Ноги коней мягко и гулко хлопали по глубокой пыли: «пуф! пуф!», и запах ее щекотал ноздри. Выждав, когда их спутник проехал вперед, Ташмухамедов прошептал:

— В случае чего поворачивай… Камчи не жалей.

— Зачем?

— Надо.

Судя по доносящемуся спереди бряцанию сбруи Кульазимов попридержал свою лошадь, и они начали его нагонять. Ташмухамедов замолк.

Страх теперь завладел душой Жаннат. По бокам дороги вырастали черные тени, протягивая уродливые лапы, за каждым поворотом вставали призраки всадников, угрожающе выставивших винтовки. Сердце билось все трепетнее. Нет, Жаннат совсем не отличалась храбростью, и только боязнь остаться одной в черной пустыне садов, полей и солончаков мешала ей поддаться неистребимому желанию повернуть копя и скакать, скакать, скакать во весь опор.

Доктор, миленький, — шептали губы, — спаси меня.

Стало светать, а они все ехали. В кишлаках звонко перекликались петухи, а они все ехали.

Лошади все медленнее и медленнее передвигали ноги. Но Кульазимов снова и снова понукал своего коня, и они продолжали путь — усталые, сонные, голодные.

Небо все светилось и алело над черной зубчатой кромкой деревьев, а в воздухе потекли прохладные, почти холодные струи. Путники остановились у покосившихся ворот на окраине большого кишлака.

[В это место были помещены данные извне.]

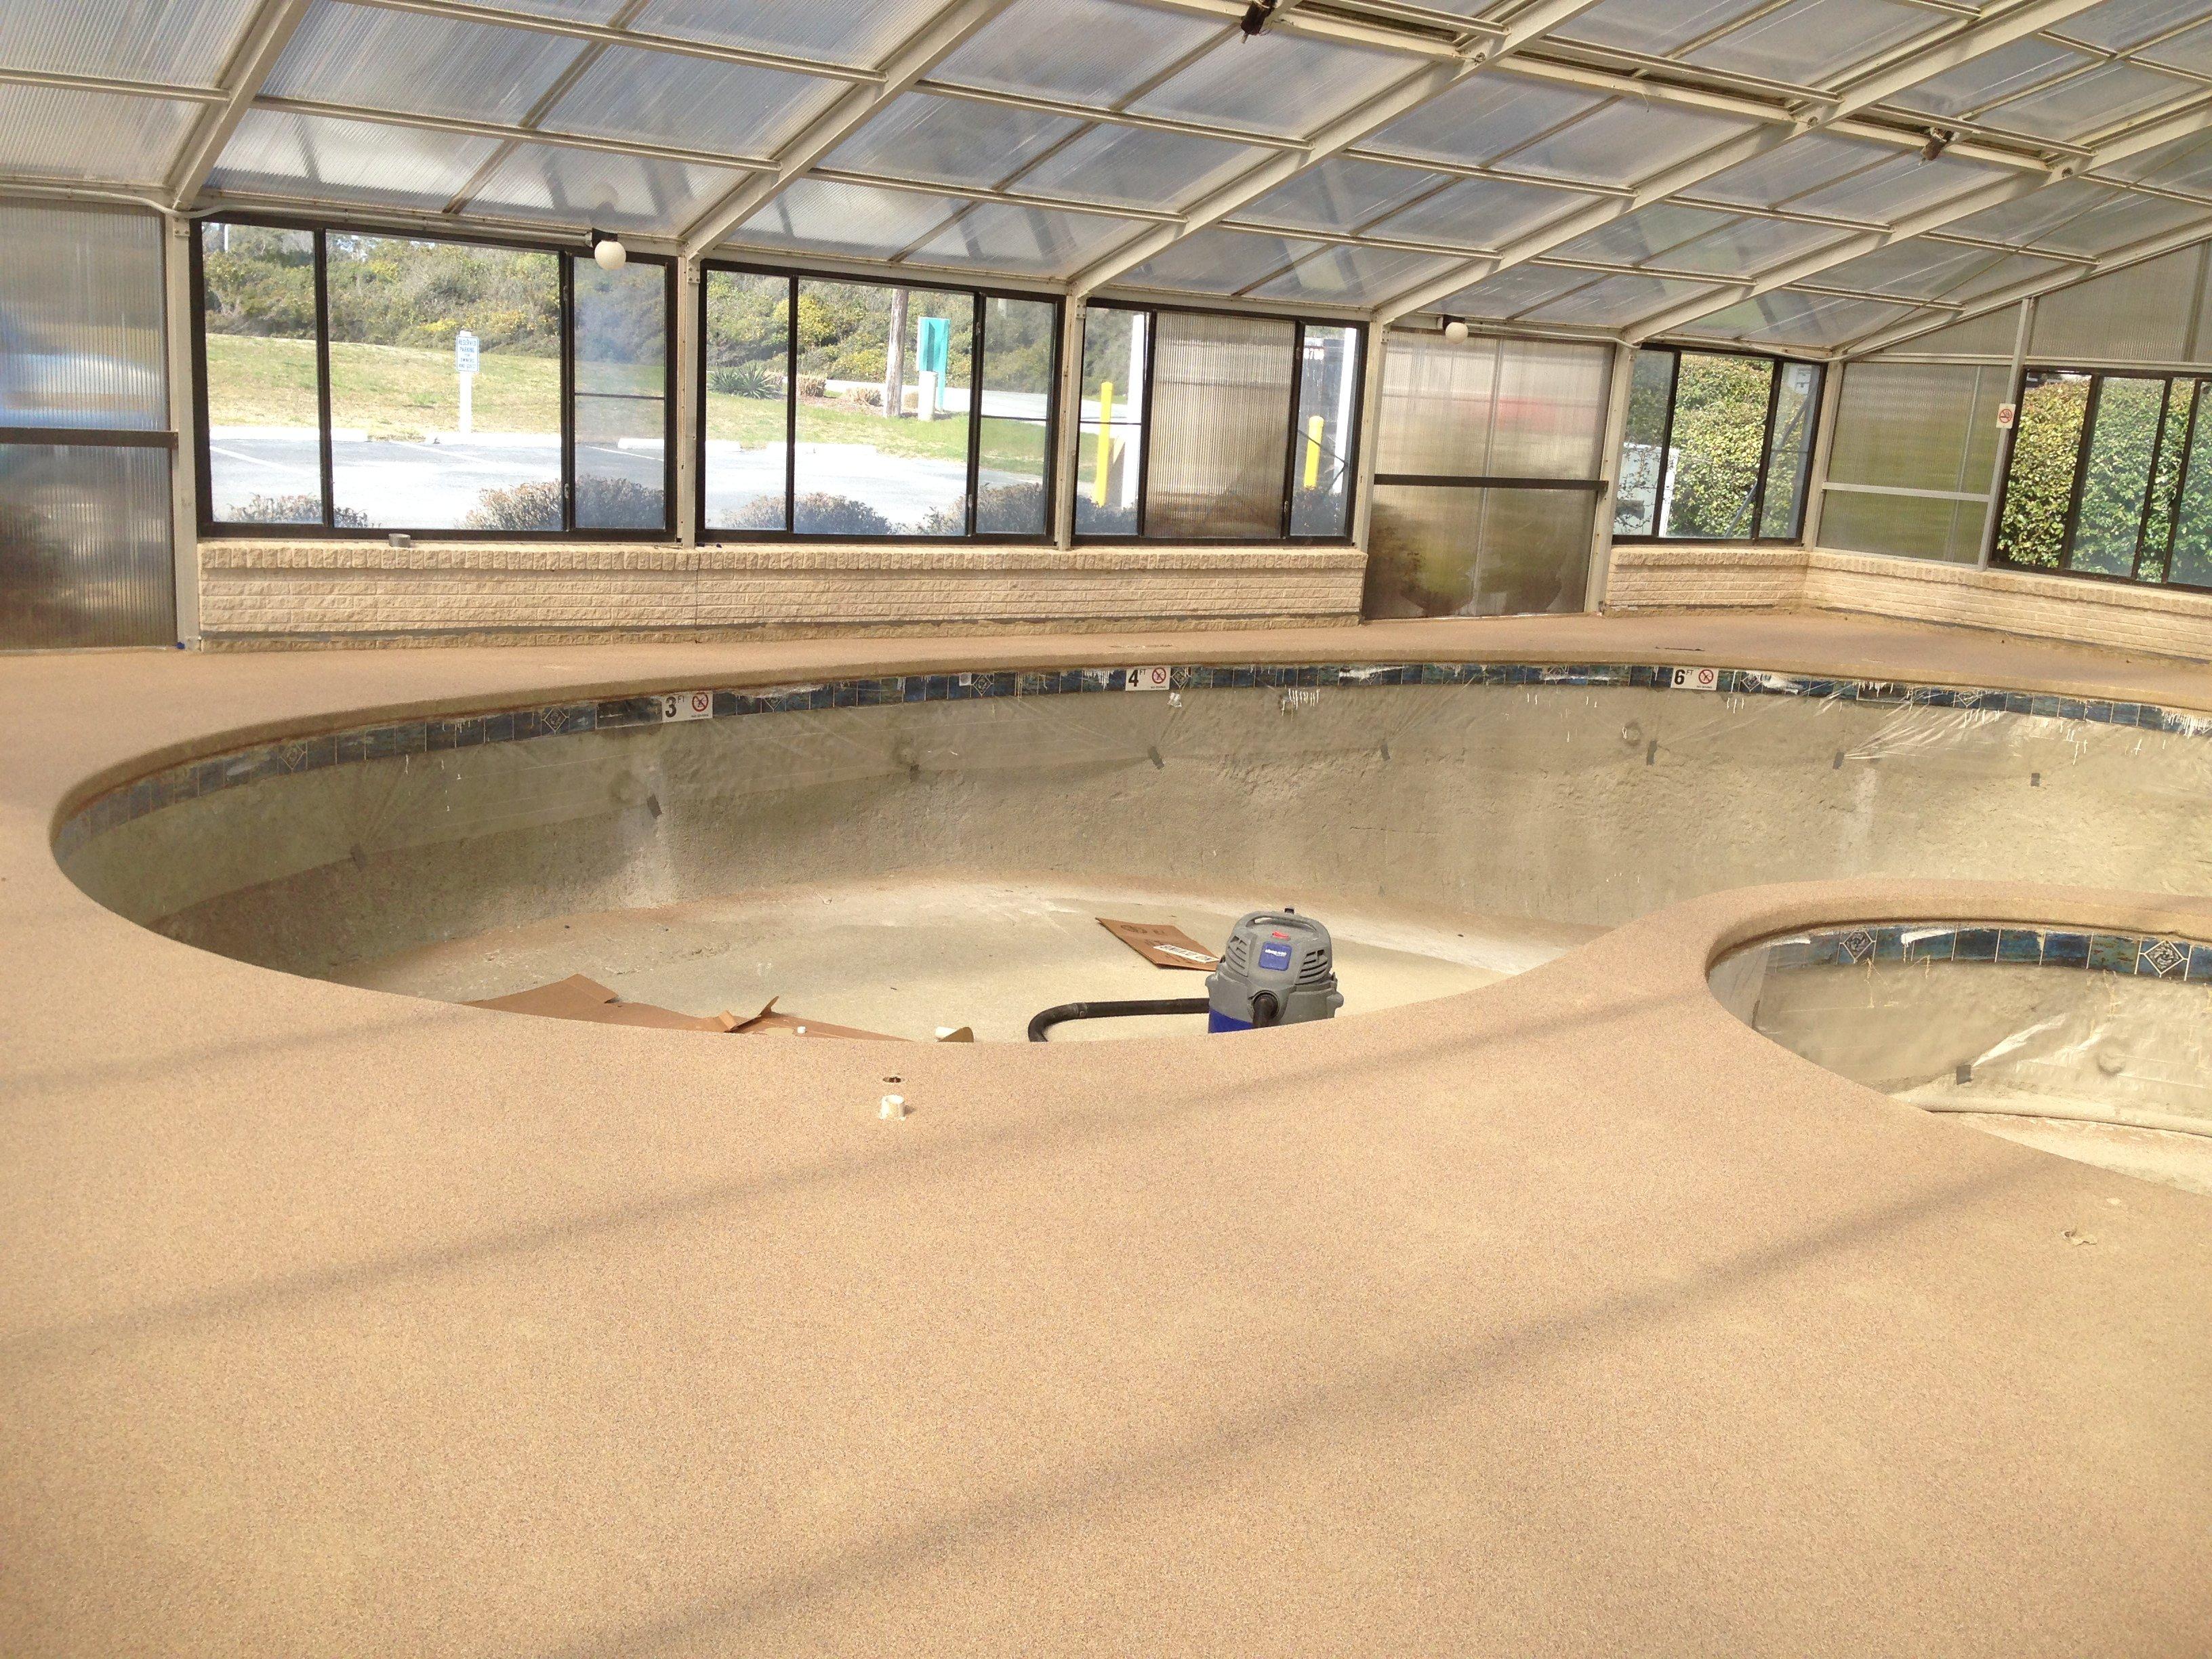 Applying Rubber Based Quartz Decking, New Waterline tile is installed

Кульазимов долго вполголоса беседовал с человеком, вышедшим на дорогу, и затем снова погнал лошадь.

— Мы же приехали, — сказал громко Ташмухамедов.

— Да. А куда мы едем?

— Да тут, недалеко.

Глаза Жаннат слипались, земля тонула в тенях, но молодая женщина разглядела, что они въехали в какой-то пустынный, словно нежилой двор, который со всех сторон обступили хозяйственные постройки.

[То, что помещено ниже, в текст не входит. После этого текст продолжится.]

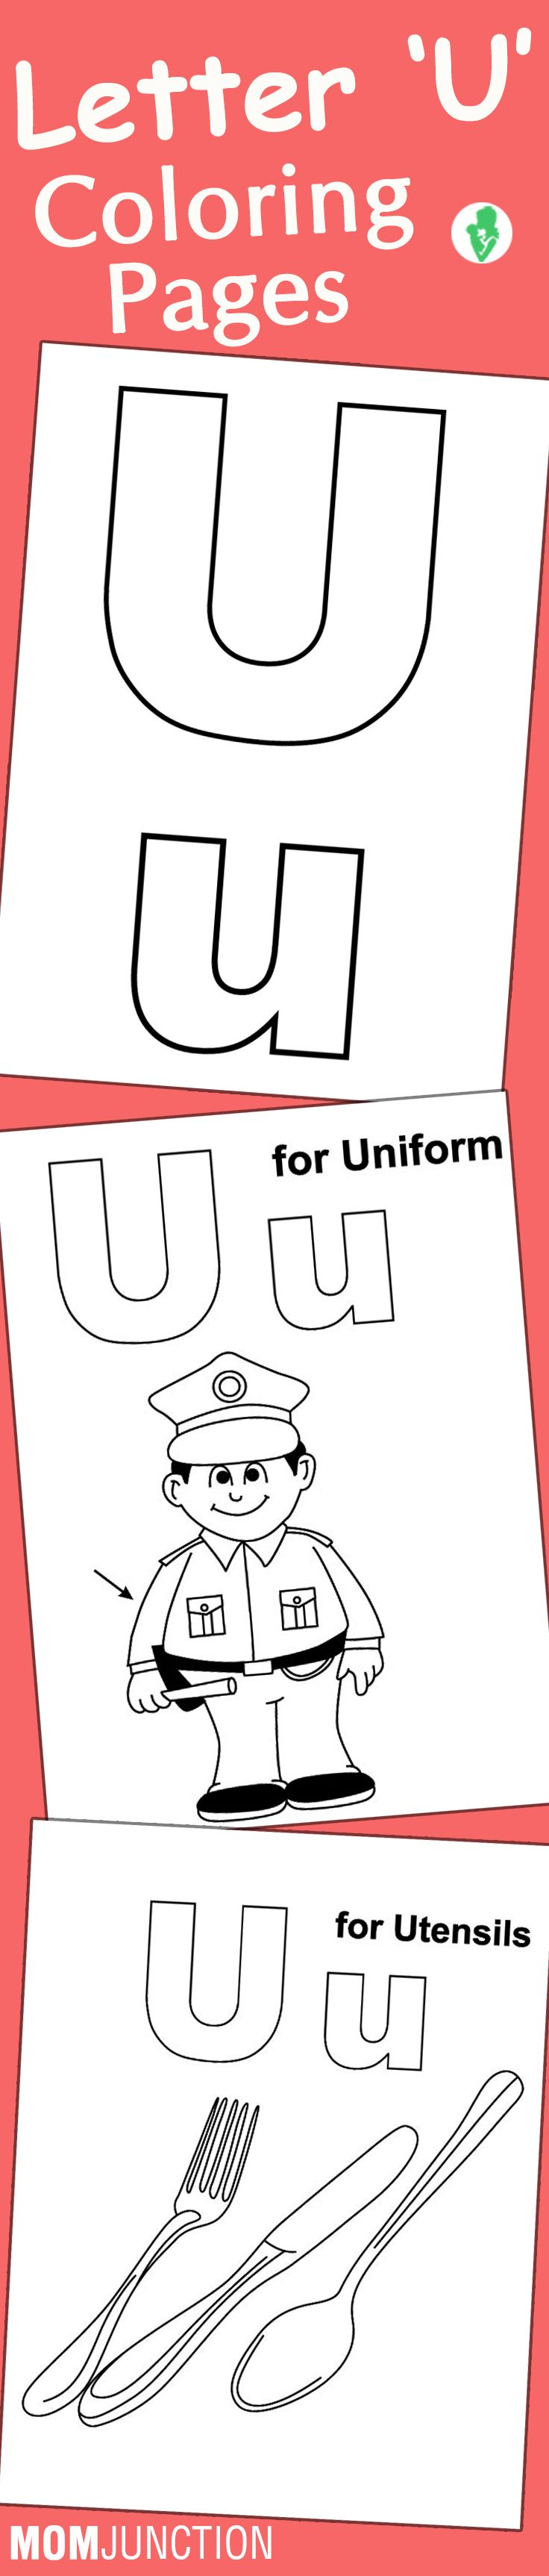 Letter U Coloring Pages Free Printables Letter u

— Слезайте, — сказал Кульазимов. — Вон там мы с Ташмухамедовым будем спать, — и он ткнул камчой в сторону зиявшей черным провалом открытой двери какой-то михманханы, — а ты полезай вон на ту балахану.

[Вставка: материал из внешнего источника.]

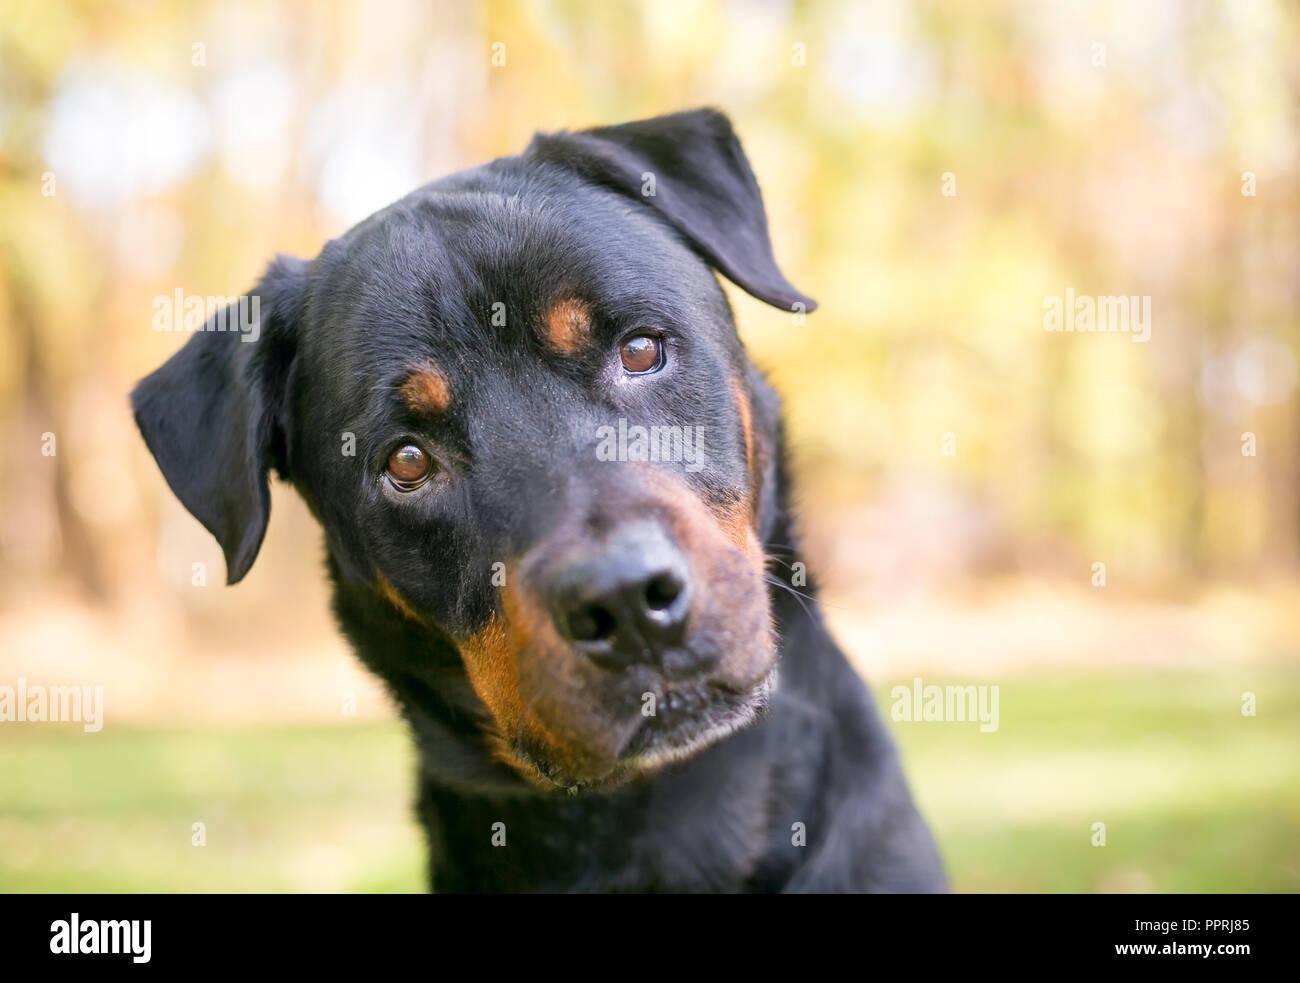 A Rottweiler dog outdoors listening with a head tilt - Stock Image

Но Жаннат дрожащим от холода и страха голосом проговорила:

— Я пойду к женщинам в ичкари.

— Здесь нет ичкари.

Жаннат вспомнила слова Ташмухамедова и погнала коня к воротам, но Кульазимов схватил его под уздцы и сердито сказал:

— Дура девчонка, куда ты?

Он заставил ее спешиться и подтолкнул к крутой лестнице, ведшей на балахану.

Ни сил, ни воли у Жаннат не оставалось. Она покорно ступила на ступеньку и стала подниматься.

— Сиди там, — грубо сказал снизу Кульазимов. — Спи.

Силы совсем оставили Жаннат, но у нее хватило еще соображения выбраться из темного, пропахшего затхлостью и копотью помещения на крышу. Здесь она инстинктивно зарылась в сухой клевер и… заснула. Последняя мысль, мелькнувшая в ее голове, была: «Западня…» И все же она спала крепким здоровым сном молодости, пока ее не разбудил надрывный вопль, топот и ржание коней, голоса.

— Голову с тебя Садреддин снимет. Куда девку дел? — спрашивал кто-то грубым голосом.

— Дрыхла здесь на балахане, куда-то делась.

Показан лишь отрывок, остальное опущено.